Figure 5: Teacher ranking by gradient alignment for AIME 2025 questions; the best configuration varies with question complexity.
Additional Analyses
Predictors of Alignment
While one might hope for simple proxies (e.g., KL-divergence between student and teacher probabilities) to predict where teacher guidance is helpful, the study finds only weak correlations, indicating that high-divergence is necessary but not sufficient for positive alignment. Alignment also tends to improve with depth into a reasoning chain, corresponding to increased reasoning complexity relative to prompt/boilerplate regions.
Selective Distillation
An upper-bound analysis shows that, if one could restrict distillation updates only to tokens with positive alignment, the effective gradient budget is vastly improved even when using only ~50% of the updates. While such oracle filtering is infeasible at training time, it suggests promise in using divergence-based or outcome-sensitive heuristics.
Implications and Future Directions
Practically, these results caution against monolithic distillation pipelines. Instead, they favor adaptive, diagnostic-driven selection of teacher configurations, possibly modulated at the per-token or per-task level. The heightened utility of teacher signal on incorrect trajectories motivates algorithms that upweight distillation loss on failing rollouts. Multi-teacher or mixture-of-expert configurations may further boost alignment by combining complementary strengths.

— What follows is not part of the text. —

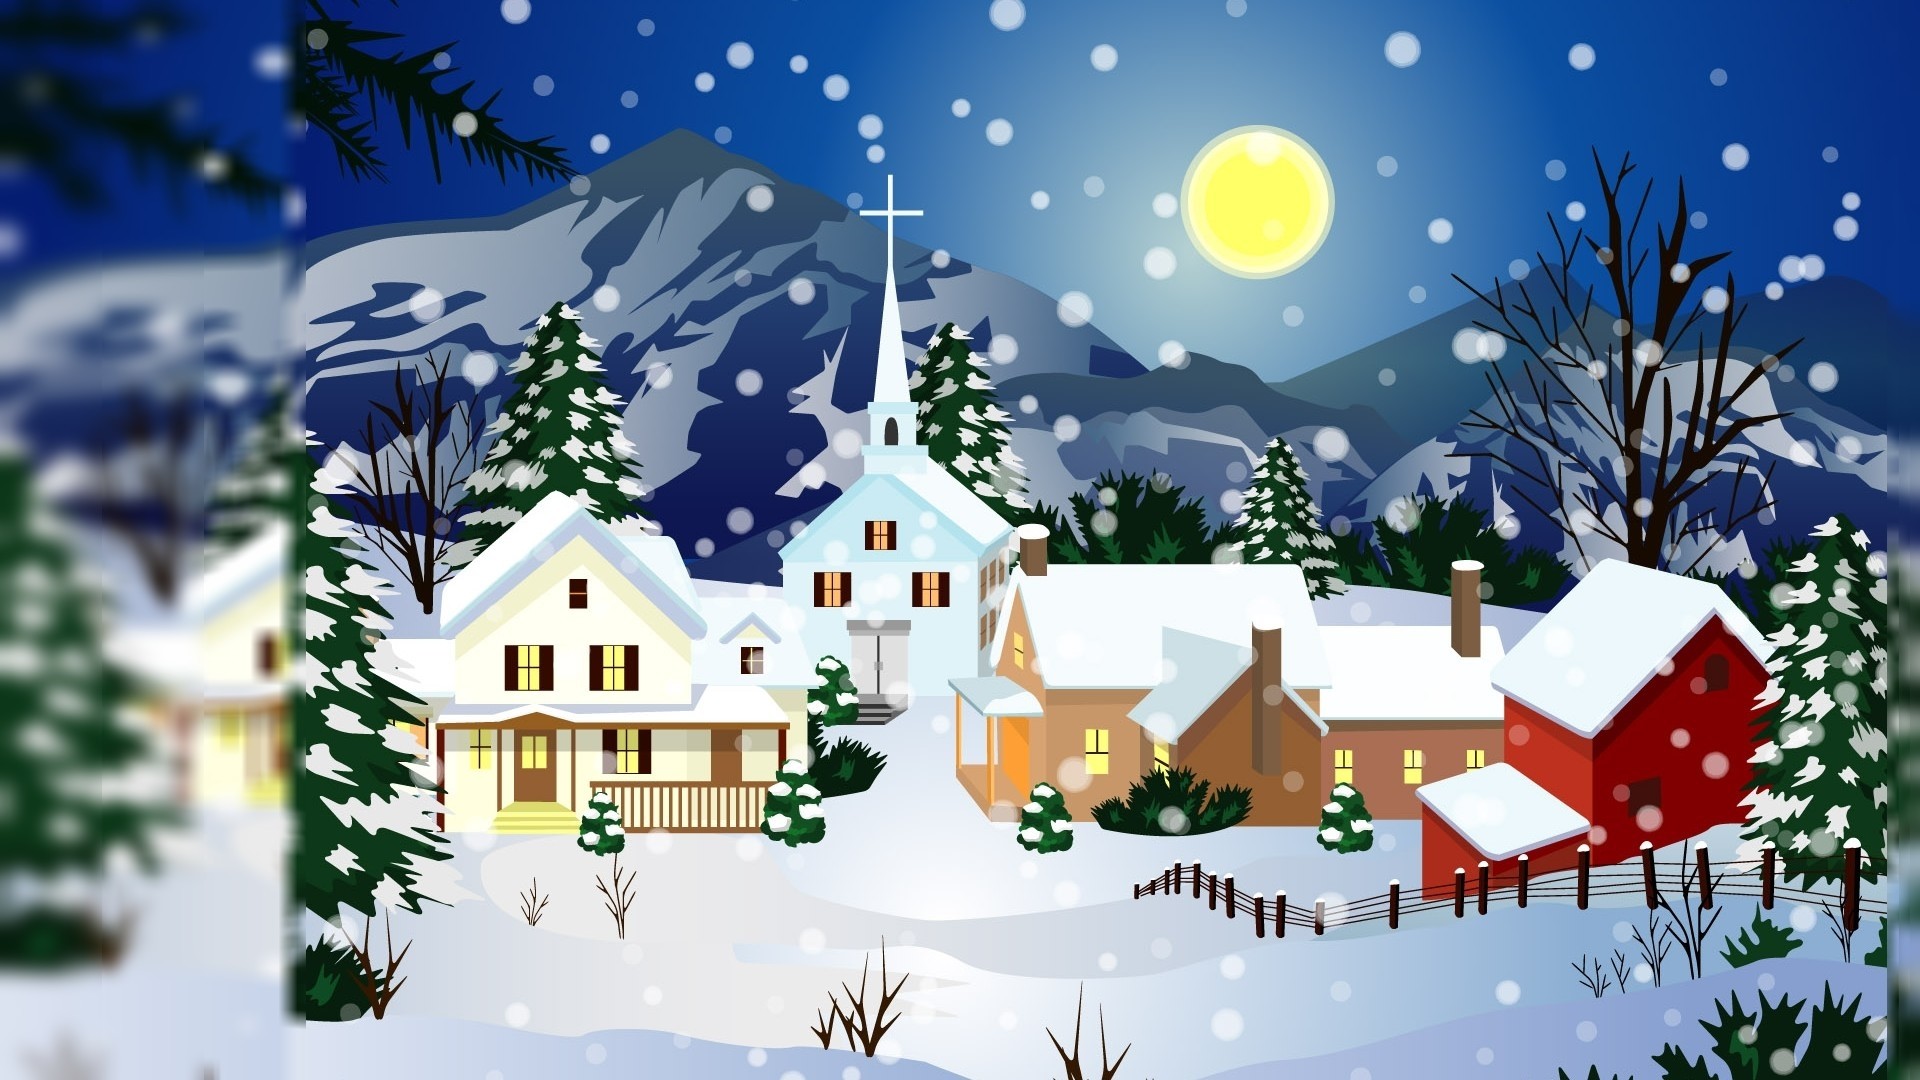 61 Animated Christmas Wallpapers on WallpaperPlay
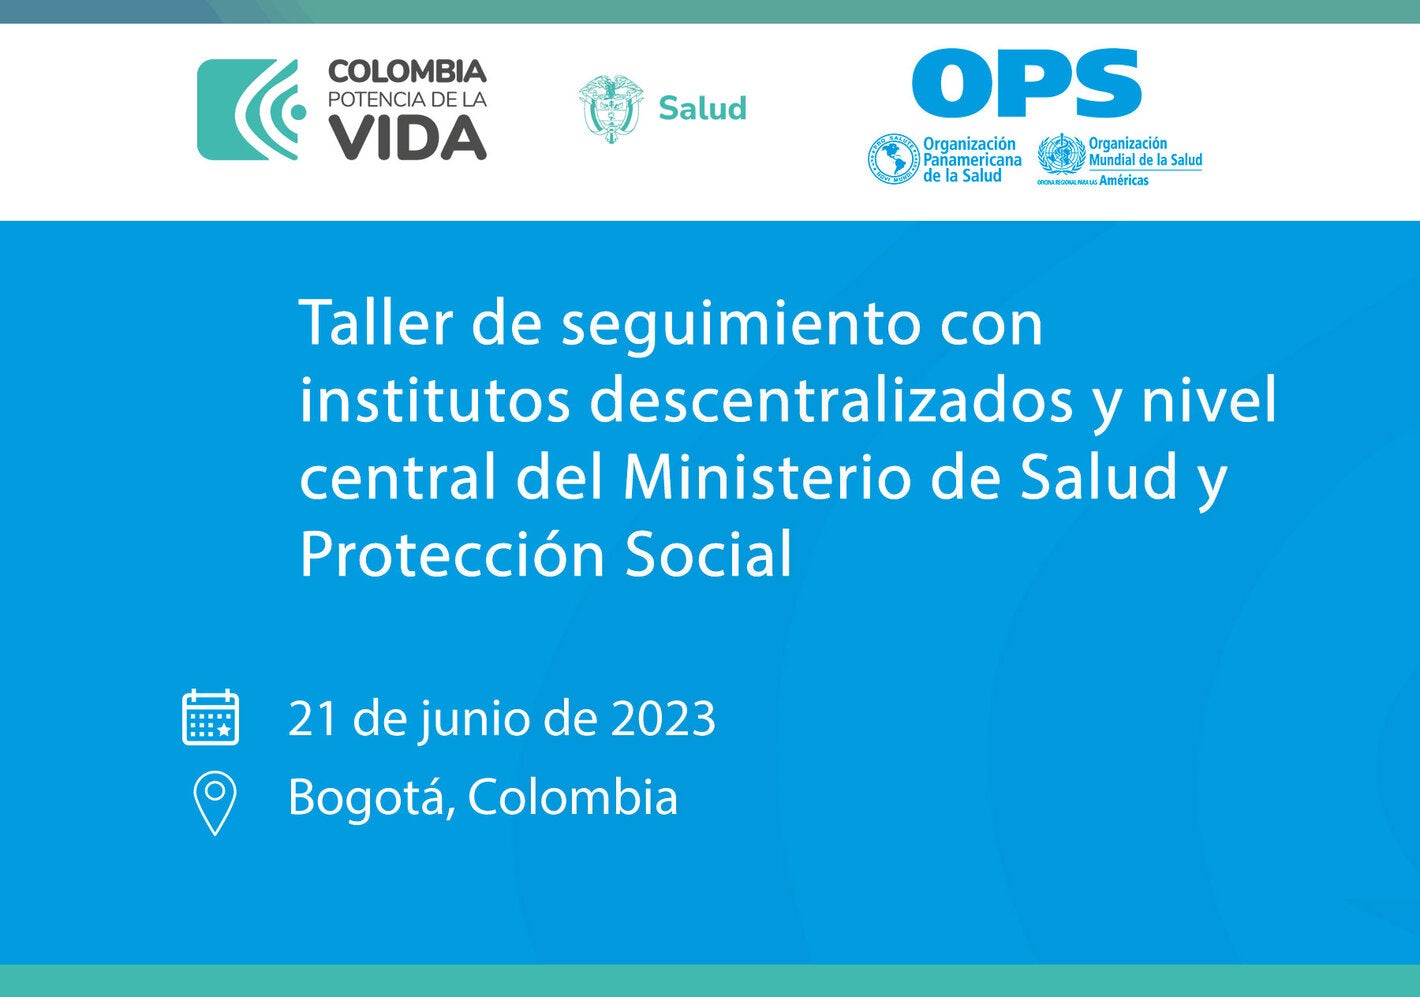 Taller de seguimiento con institutos descentralizados y nivel central del Ministerio de Salud y Protección Social

Theoretically, all major distillation and reinforcement-style reward objectives are shown to share a common per-token gradient structure, supporting the use of alignment diagnostics for the entire family of token-level training algorithms. This unification will be fundamental as the community continues to search for efficient, scalable, and robust methods for post-training reasoning model improvement.
Conclusion
This paper establishes a rigorous, high-resolution diagnostic for evaluating on-policy distillation algorithms, providing concrete evidence that the benefit of teacher guidance is heterogeneous, primarily realized on student failures, and tightly coupled to capacity and context comprehensibility. No single teacher or context suffices across tasks and conditions. This framework should become standard for analyzing and developing future distillation approaches—motivating (i) adaptive, context-aware pipelines, (ii) real-time diagnostic-informed training strategies, and (iii) rigorous ablation for teacher selection at the per-token level.
The approach also sets a foundation for more general mechanistic interpretability studies of gradient-based learning signals in LLM training regimes.